An army is marching in single file in a line that stretches

[21385]

An army is marching in single file in a line that stretches 20 km. A dispatch rider travels from the rear to the front, delivers a message, and returns to the rear. In the time the dispatch rider takes to do this, the army advances 20 km. How far did the dispatch rider travel in going from the rear to the front and back to the rear again. (note that the rider's turnaround time at the front is instantaneous)

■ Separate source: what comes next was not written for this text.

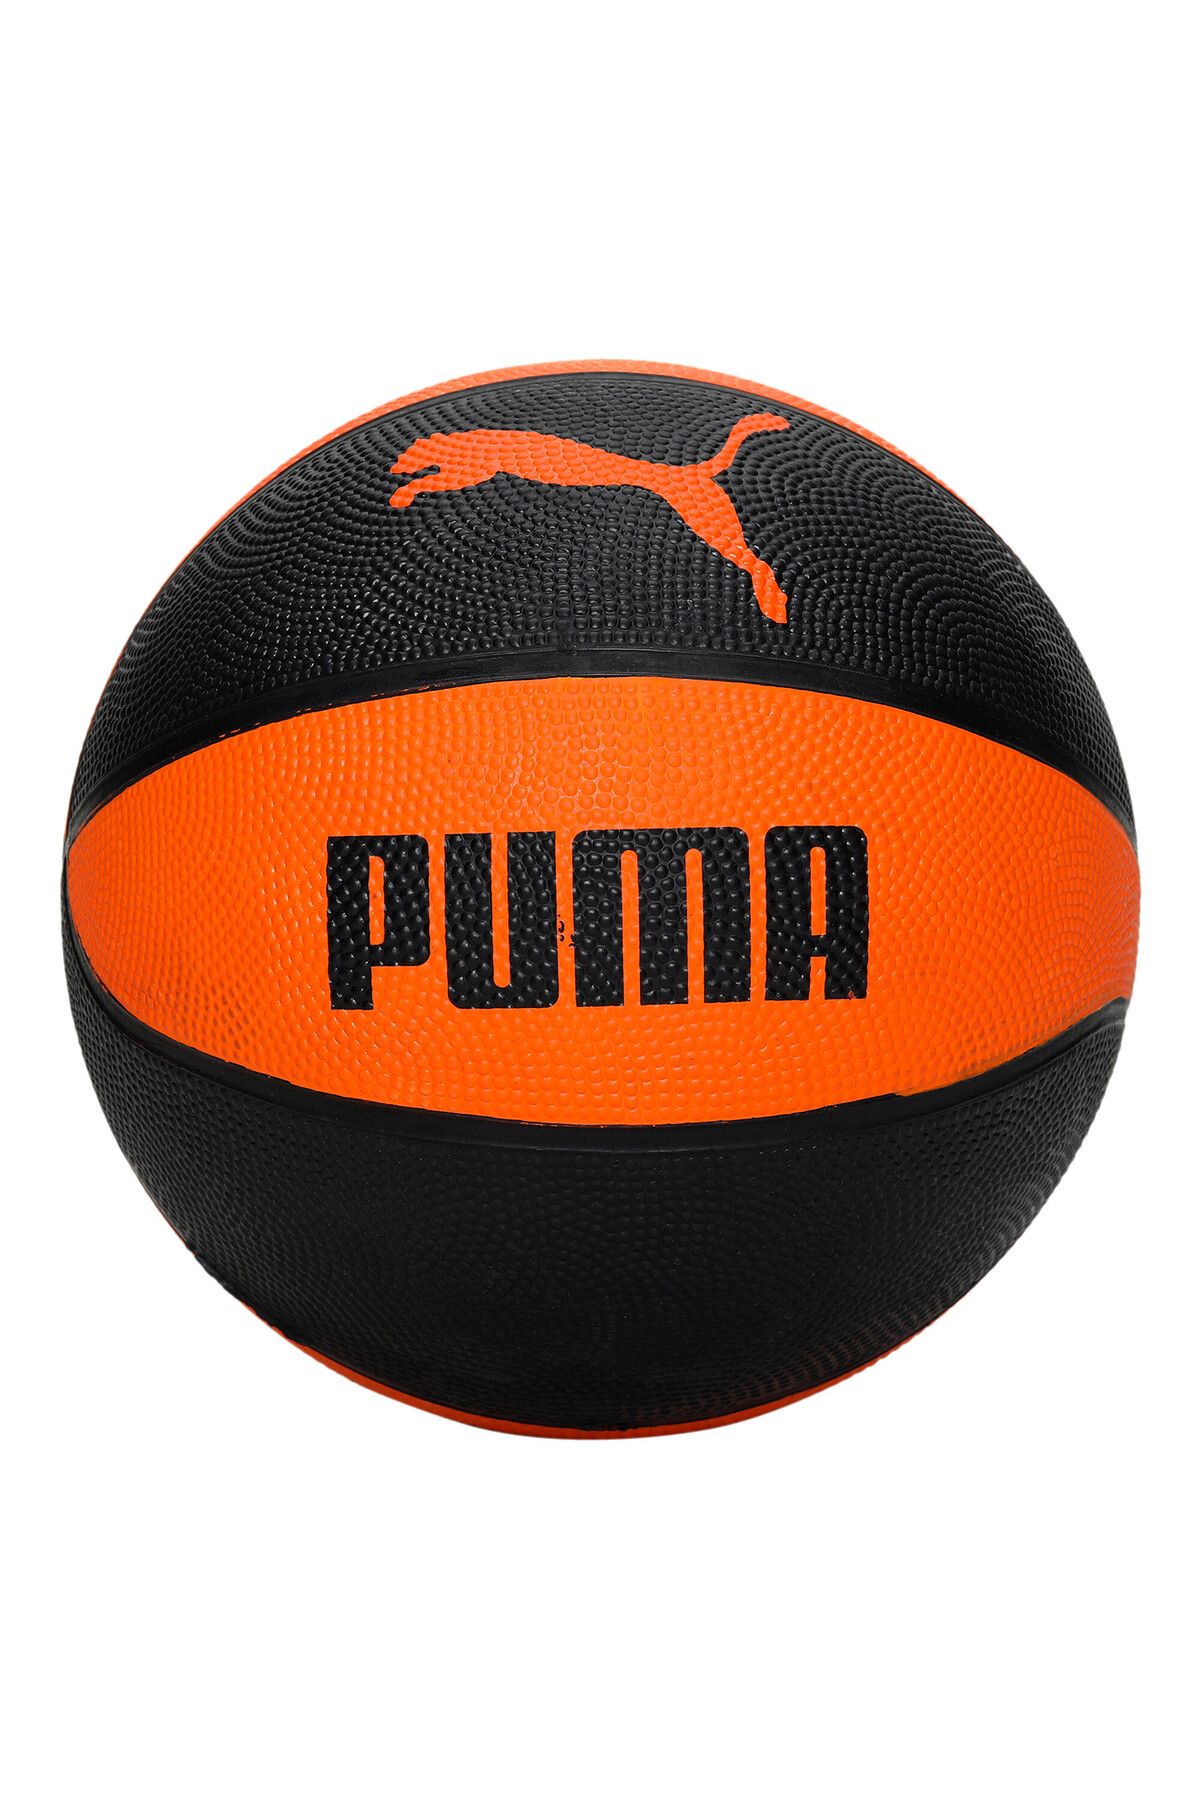 Puma Basketbol  Indoor Basketbol Topu

Please show solution. thanks

 

[galactus]

Let D=the distance the army marches

Then, 20+D=the distance the rider travels during trip to the front.

20-D=the distance traveled on the way back.

Then you have:

\(\displaystyle \L\\\frac{20+D}{D}=\frac{D}{20-D}\)

Solve for D.

The entire trip he will have traveled 20+2D km.


I hope I didn't wonder off into the darkness on this one.

 

[21385]

i still don't understand how you did it...can you explain a bit more? thanks

 

[21385]

i know the answer is 20+20sqrt(2) but i need to understand the concept. thanks

 

[galactus]

The equation is due to the fact that the ratio between the distance the

army marches and the distance the rider travels must be the same both

ways. Picture the rider starting out from the rear and heading to the

front of the line. The army is marching this whole time. The army is 20

km long plus the distance travelled, 20+D.

The way back would be 20-D.

The entre trip would be 20+D+D=20+2D.

Solve the equation from the last post for D.

 

[Denis]

Here's a way to look at what galactus did....the long way:

[A]X......20......Y......20......[C]

Since army moves 20 km, we can simplify with
2 guys X and Y, X being the rider, Y the army's
front; X catches up to Y somewhere within BC;
X then goes back to B, Y continues to C, both
arriving at same time.

x = X's speed, y = Y's speed, k = distance travelled by Y when X catches up to him.

X catches up to Y:
(k + 20) / x = k / y
k(x - y) / y = 20 [1]

X back to B while Y goes to C:
k / x = (20 - k) / y
k(x + y) / x = 20 [2]

Combining [1],[2]; k's cancel out and:
y(x + y) = x(x - y)
y^2 + 2xy - x^2 = 0 ; using quadratic:
y = x[sqrt(2) - 1]

Substitute in [2]:
k[x + x(sqrt(2) - 1)] / x = 20 ; x's cancel out:
k + k[sqrt(2) - 1] = 20
k = 20 / sqrt(2)

So X travelled 20 + 2k = 20 + 40/sqrt(2) = 20 + 20sqrt(2)